Это создает этот график:

введите описание изображения здесь

Если вы увеличите размер сглаженной версии и не сглаживаете, вы увидите следующее:

введите описание изображения здесь

Надеюсь это поможет.

Как отметил @ Christoph, проблема заключается в том, как вы масштабируете дискретный pdf.

Поскольку PDF является плотностью плотности вероятности, если вы хотите, чтобы ожидаемая частота была в бункере, вы должны сначала умножить плотность на длину бункера, чтобы получить приблизительную вероятность того, что образец упадет в этом бункере, тогда вы можете умножить эту вероятность на общее количество выборок для оценки количества выборок, которые будут попадать в этот ящик.

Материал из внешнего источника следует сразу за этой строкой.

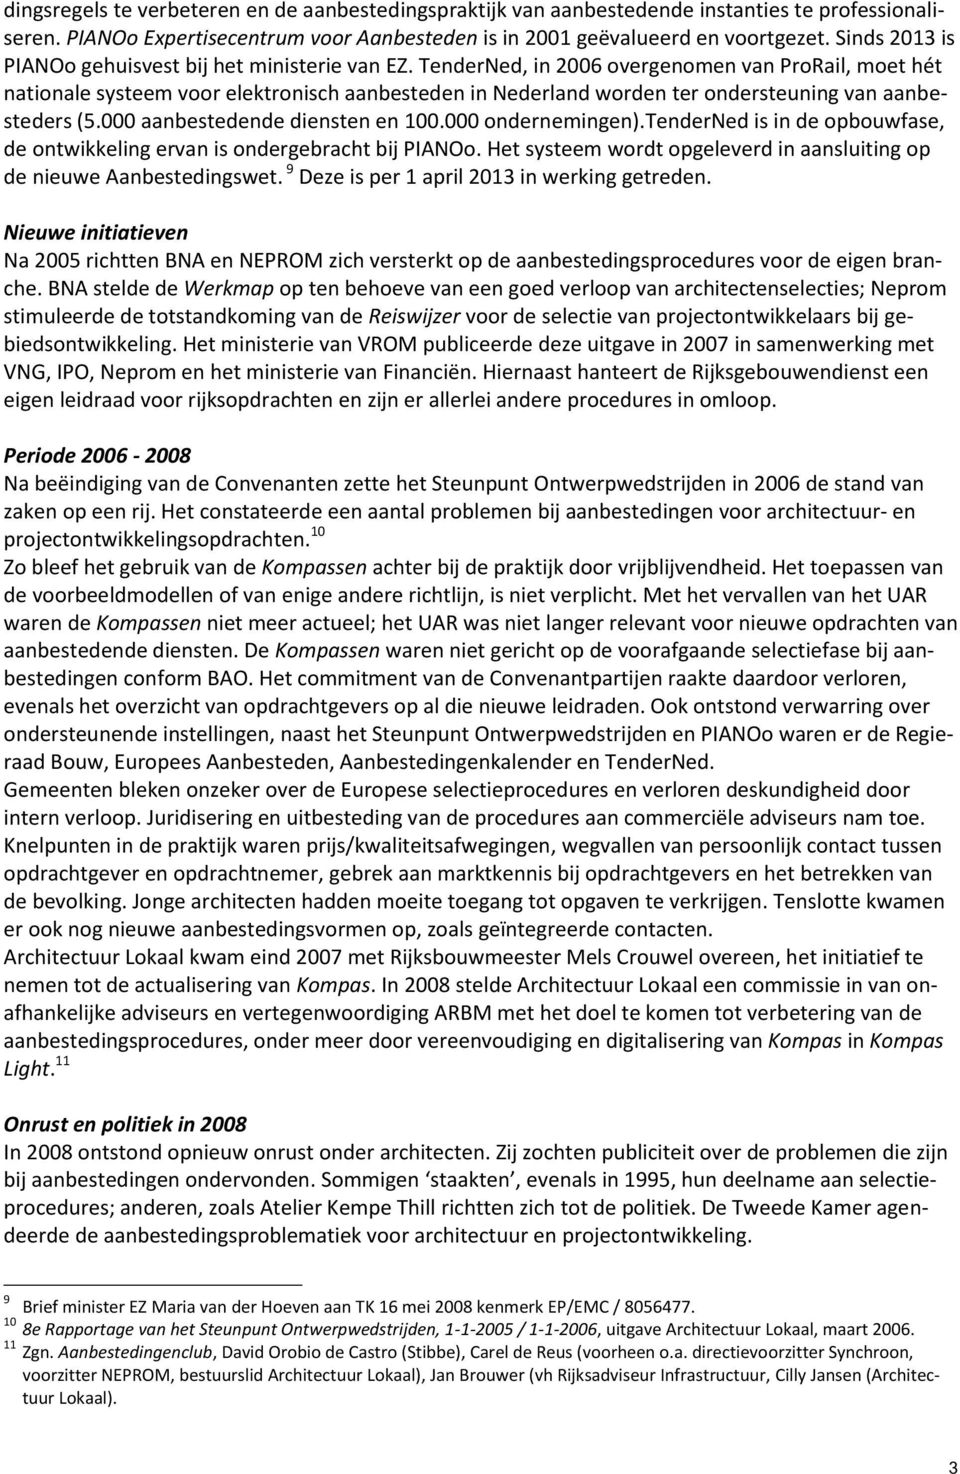 TenderNed, in 2006 overgenomen van ProRail, moet hét nationale systeem voor elektronisch aanbesteden in Nederland worden ter ondersteuning van aanbesteders (5.000 aanbestedende diensten en 100.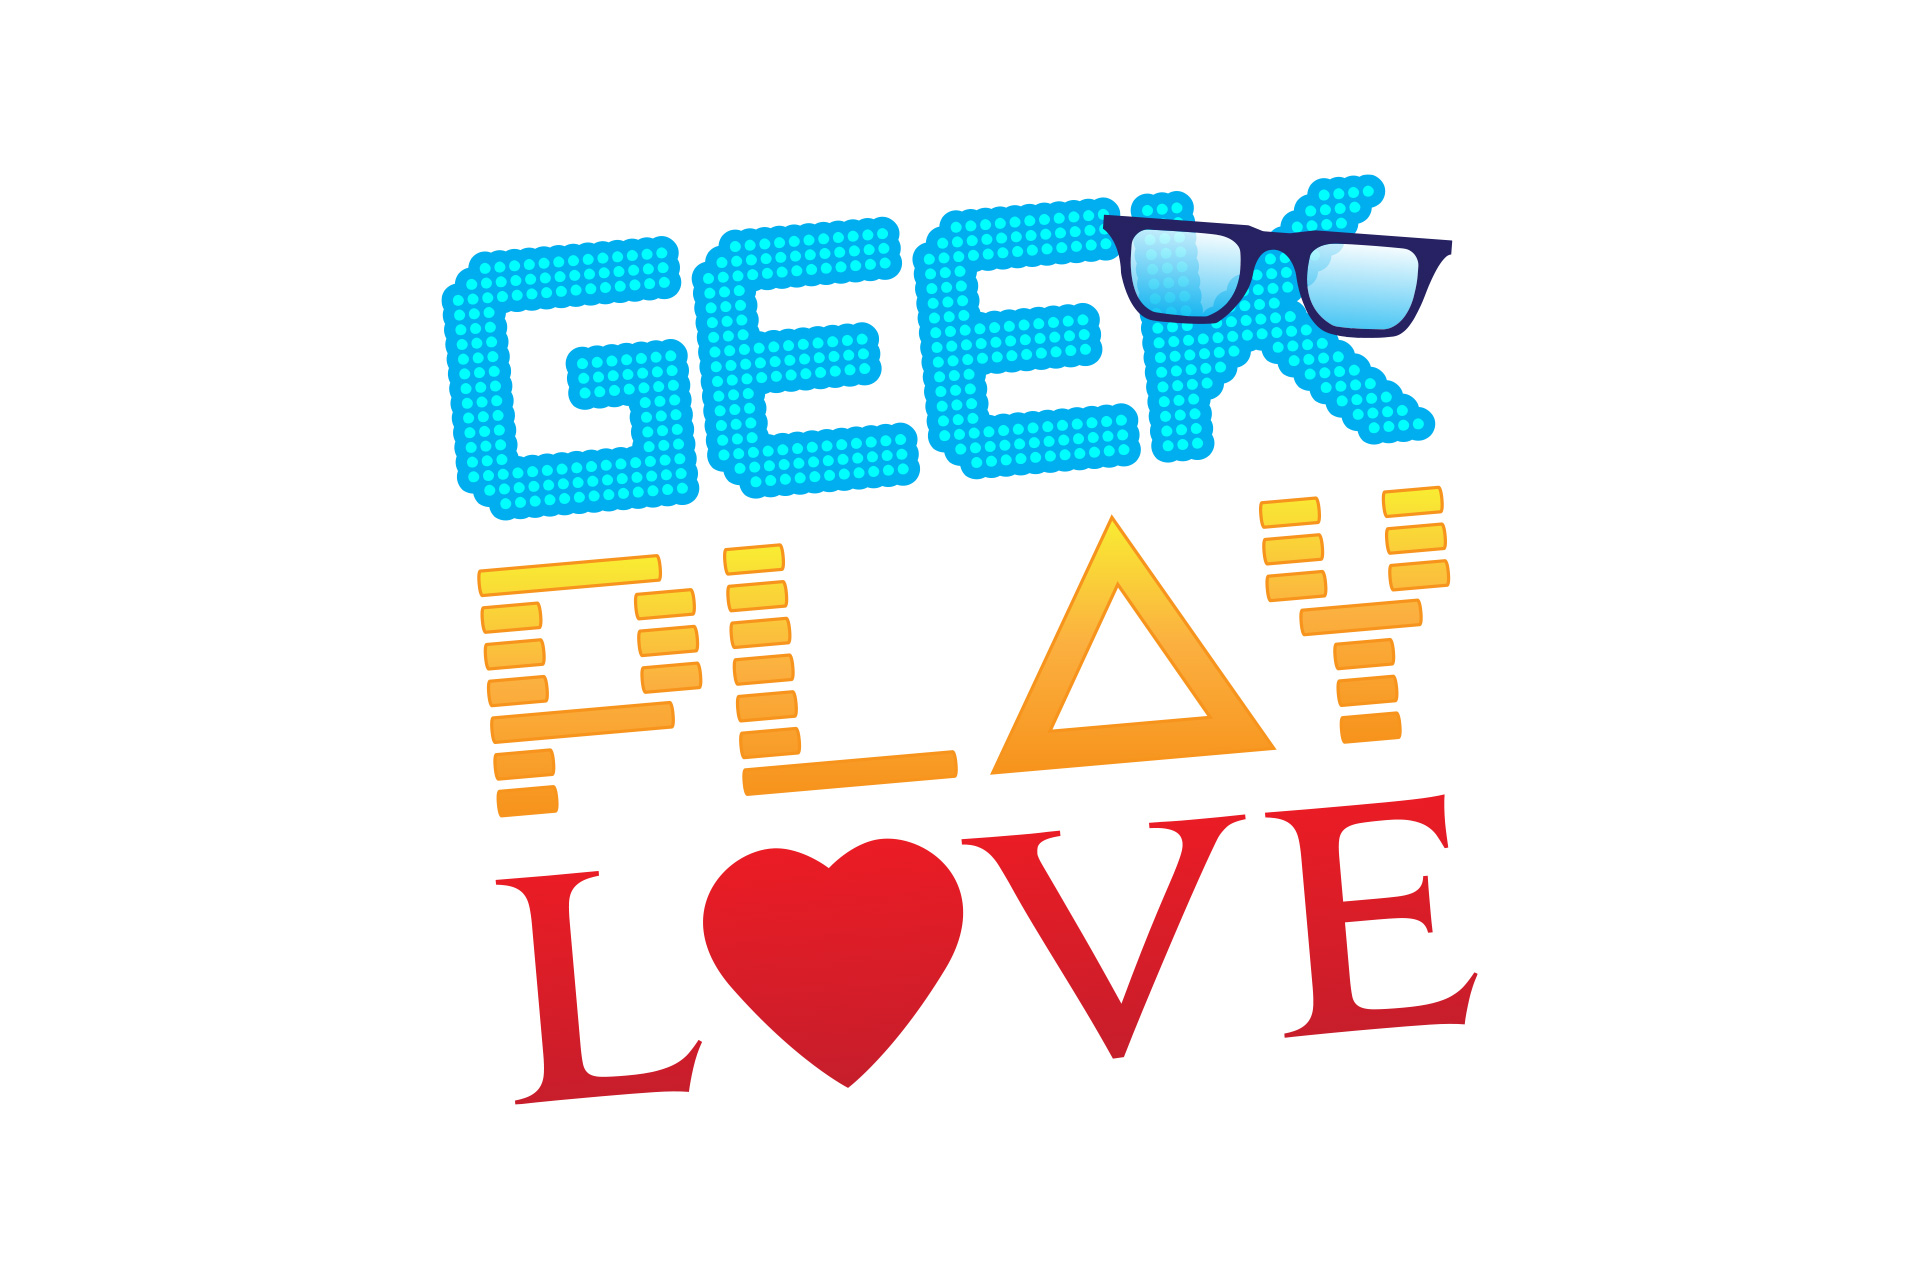 Geek Play Love

Другими словами, каждый лоток должен быть масштабирован неравномерно в логарифмическом масштабе, тогда как вы масштабируете их равномерно с помощью «area under hist». В качестве исправления вы можете сделать следующее:

 # make a histrogram with a log10 x-axis plt.subplot( 1, 2, 2 ) # equally sized bins (in log10-scale) bins_log10 = np.logspace( np.log10( samples.min() ), np.log10( samples.max() ), N_bins ) counts, bin_edges, ignored = plt.hist( samples, bins_log10, histtype='stepfilled', label='histogram' ) # calculate length of each bin len_bin_log = np.zeros([bins_log10.size,]) for ii in range( counts.size): len_bin_log[ii] = (bin_edges[ii+1]-bin_edges[ii]) # get pdf-values for log10 - spaced intervals # x_fit_log = np.logspace( np.log10( samples.min()), np.log10( samples.max()), N_bins ) samples_fit_log = scipy.stats.lognorm.pdf( bins_log10, shape, loc=loc, scale=scale ) # oplot fit into histogram plt.plot(bins_log10 , np.multiply(samples_fit_log,len_bin_log)*sum(counts), label='fitted and area-scaled PDF', linewidth=2 ) plt.xscale( 'log' ) plt.xlim( bin_edges.min(), bin_edges.max() ) # plt.legend() plt.show() 

Также вы можете также рассмотреть возможность изменения метода масштабирования в линейном масштабе аналогичным образом. На самом деле вам не нужно аккумулировать область, просто несколько плотность по размеру бункера, а затем по общему количеству выборок.

Обновить

Мне приходило в голову, что мой нынешний подход к оценке вероятности в ящиках может быть не самым точным. Оценка с образцом в средней точке может быть более точной, так как кривые pdf являются вогнутыми.

  • Попытка разобрать текстовые файлы в python для анализа данных
  • Интерполируя трехмерную поверхность, известную своими угловыми узлами, и раскрашивая ее цветовой схемой
  • scipy.optimize.linprog не может найти допустимую отправную точку, несмотря на то, что существует реальный ответ
  • Сохранение и загрузка Python dict с помощью savemat приводит к ошибке
  • Scipy curvefit RuntimeError: Оптимальные параметры не найдены: количество вызовов функции достигло maxfev = 1000
  • Стандартное отклонение / погрешность линейной регрессии
  • Как подключить прерывистые кривые в matplotlab, scipy или etc
  • Трассировка предупреждений / ошибок Python на номер строки в numpy и scipy
  •  
    Interesting Posts for Van-Lav
    Python - лучший язык программирования в мире.